# Installing a Double Sink ?



## acerunner (Dec 16, 2009)

first, does that T fitting have a baffle to direct flow down? You must use directional fittings in this setup.

secondly, can't really tell from the picture but the trap arm needs to be sloped down away from the trap at least 1/4" per ft, but total drop cannot be more than the diameter of the pipe.

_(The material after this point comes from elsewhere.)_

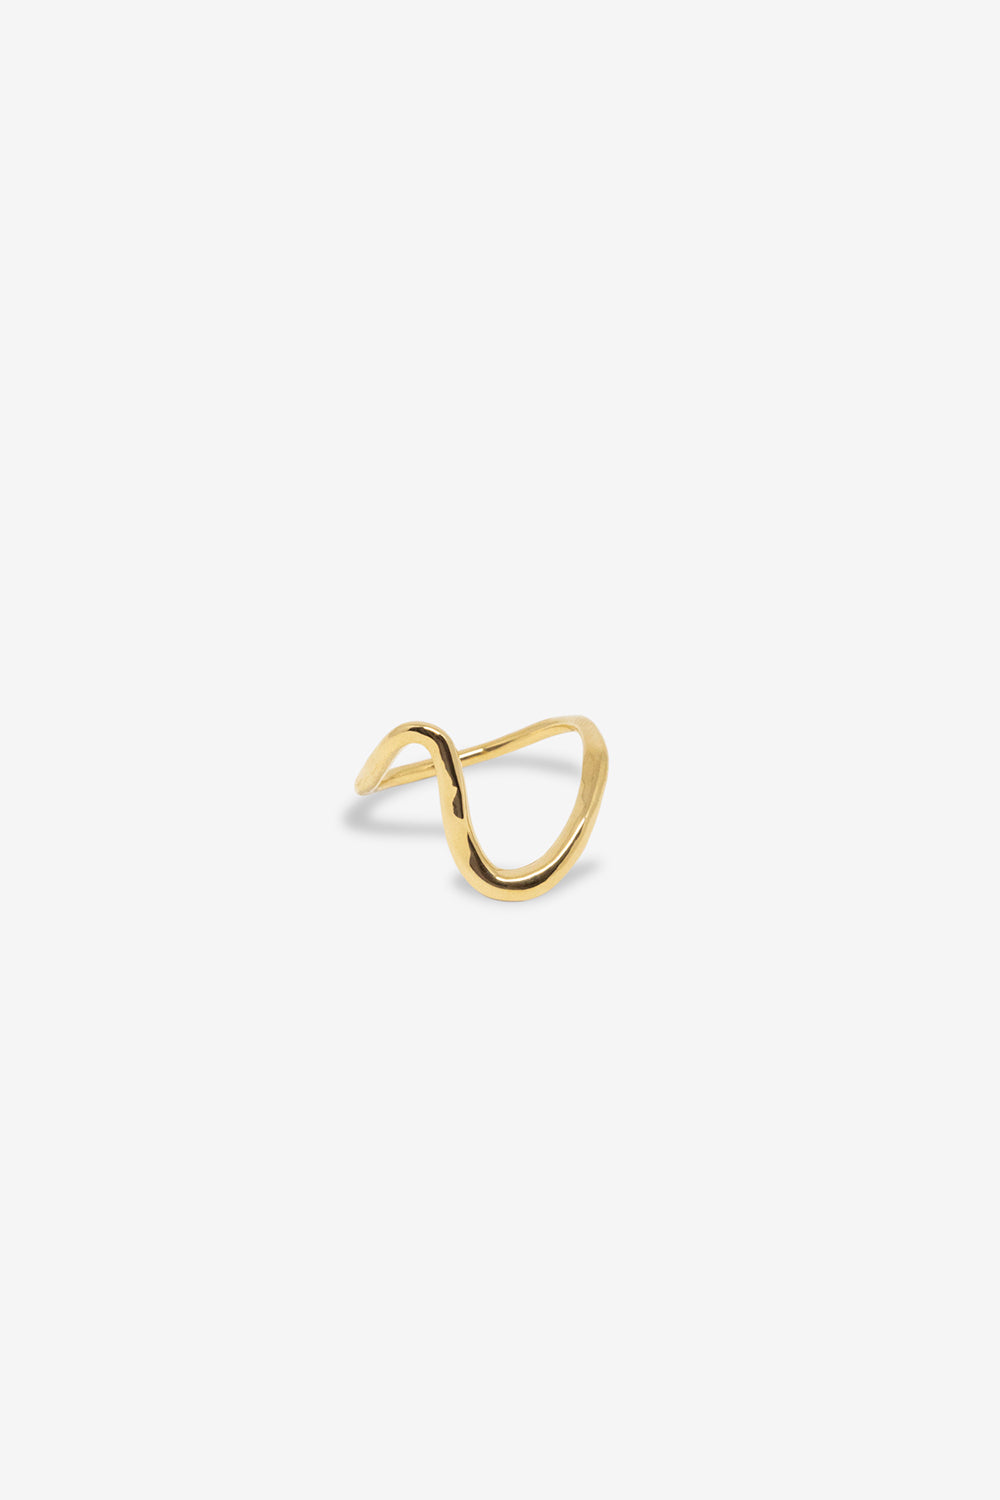 Swirl Ring - Small - Gold

third, I see it bends around the back and to the right. How far does that go? Where is the vent?


----------



## plumber666 (Oct 7, 2010)

Oh dear. That tee should be on the right side sink compartment. 90 from the left side should drain into it, and the p-trap directly below the tee. Shorten the pipe in the wall up so it aims close to the relocated p-trap. Wish I knew how to post a link or draw a picture of how you're really supposed to install a double sink. Maybe google "continuous waste".


----------



## acerunner (Dec 16, 2009)

you are talking about doing it like this (1st picture)? Although that is the most common way to do it, there is no violation in draining from the center as long as the right fittings are used (2nd picture).


----------



## TheEplumber (Jul 20, 2010)

Chuck0o0 said:


> Having trouble installing a double sink and can’t figure out what I’m doing wrong. The sinks are different heights one is about 4 inches shallower then the other. I’m thinking the problem is the main drain out of the back wall is too high. What is happening is when I fill one sink water comes up in the other and never drains.. Attached are the pics.
> Thank you in advance!
> Chuck


Is this all new piping, including the rough in work?
Does the trap have vent? If not, that will keep it from draining.
Your cont. waste appears ok. Just make sure that your tee is directional.


----------